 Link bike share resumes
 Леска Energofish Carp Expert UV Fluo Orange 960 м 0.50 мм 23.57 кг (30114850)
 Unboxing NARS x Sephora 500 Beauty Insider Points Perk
--
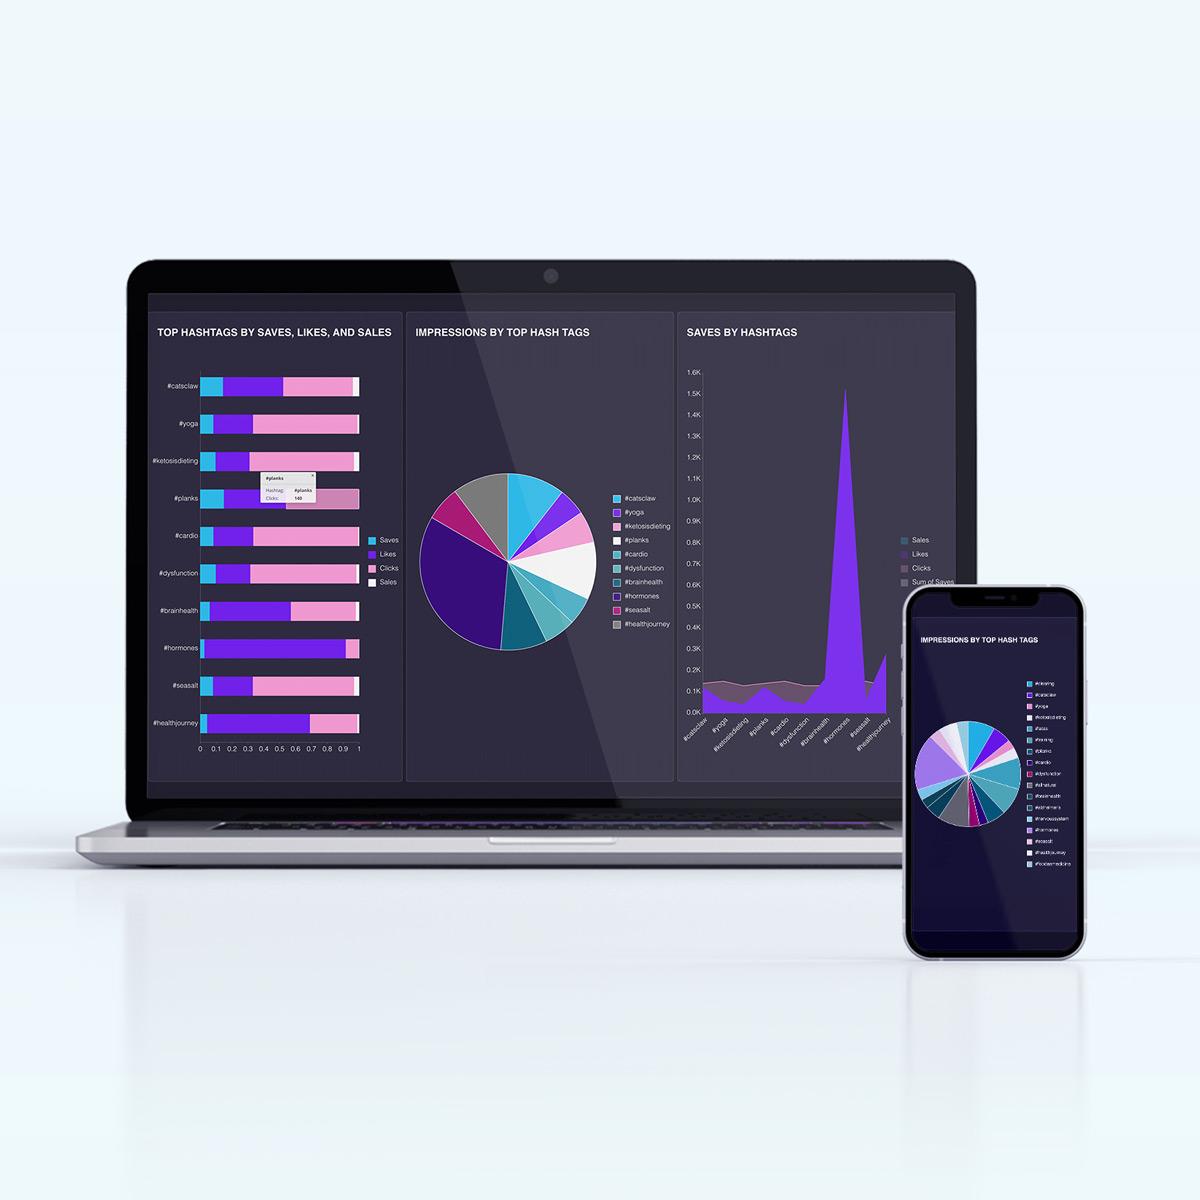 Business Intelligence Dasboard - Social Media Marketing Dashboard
==
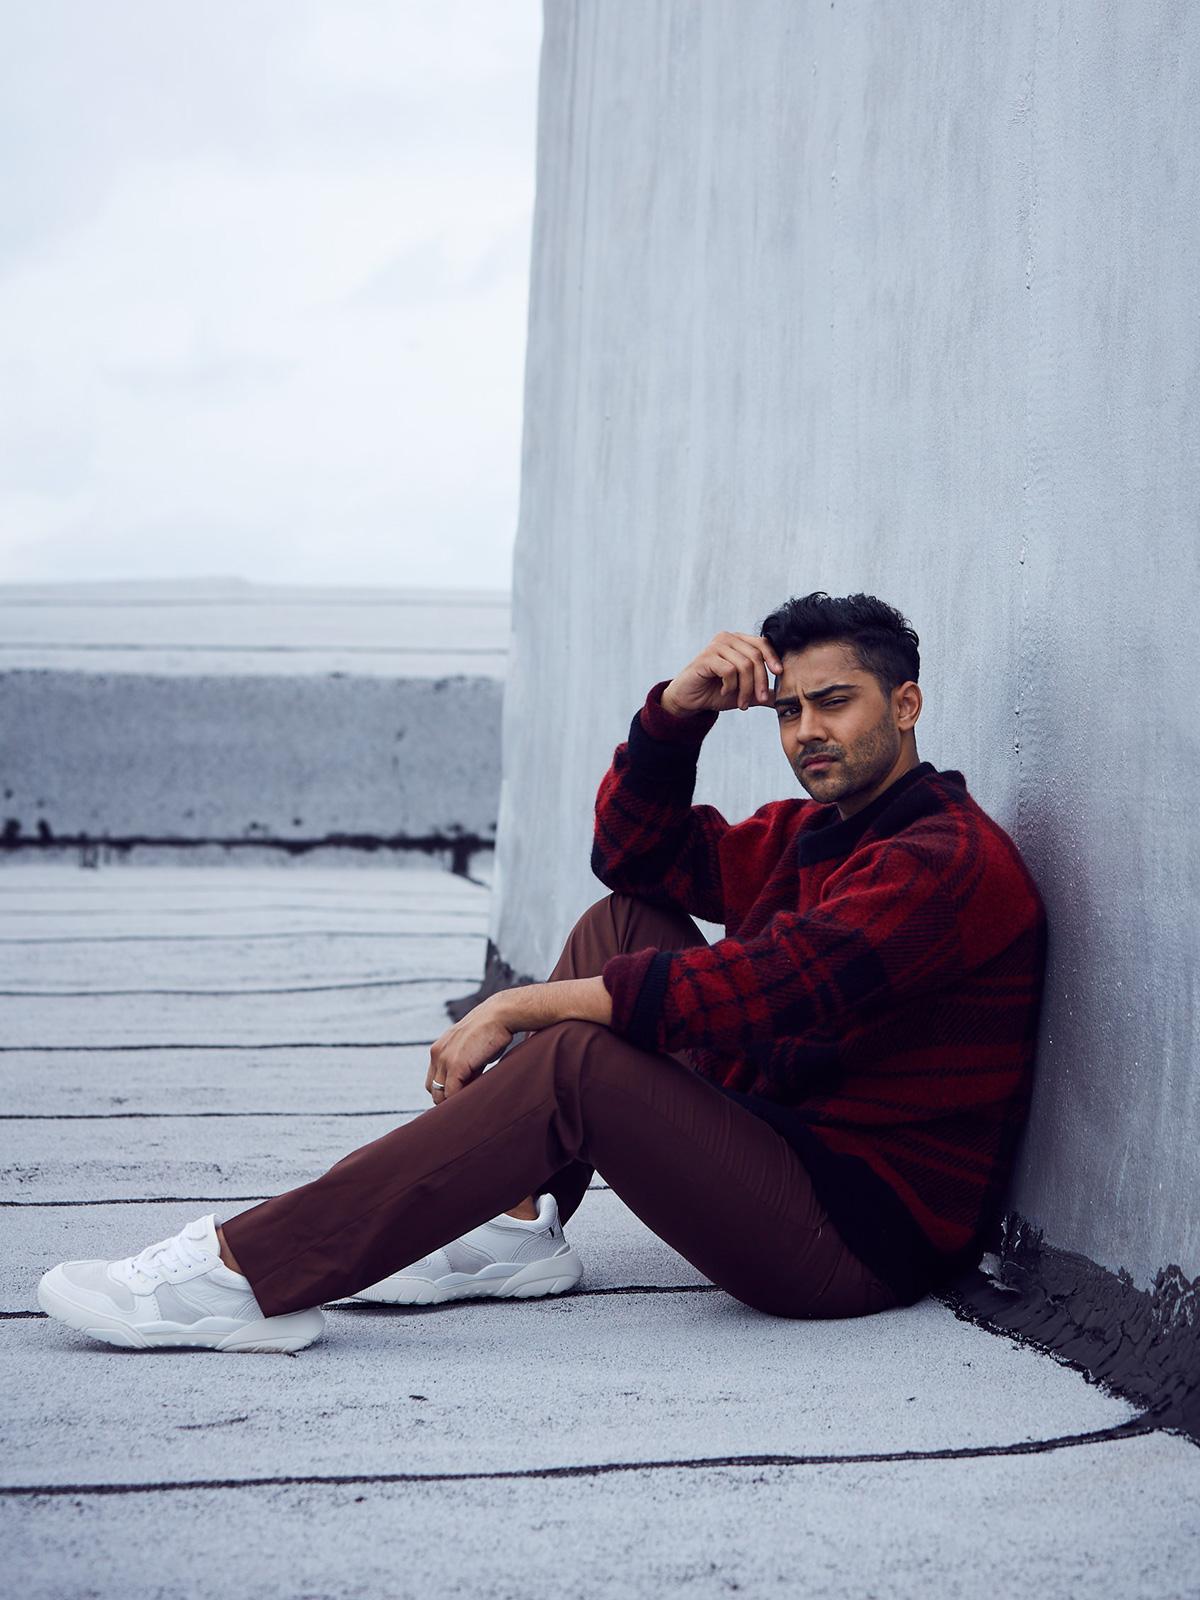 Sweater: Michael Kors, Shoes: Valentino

Exercise goal
With the line that has "Леска Energofish Carp" as the first and the line that has "Unboxing NARS x" as the last, repeat exactly that run of lines above and no more.

Answer area
 Леска Energofish Carp Expert UV Fluo Orange 960 м 0.50 мм 23.57 кг (30114850)
 Unboxing NARS x Sephora 500 Beauty Insider Points Perk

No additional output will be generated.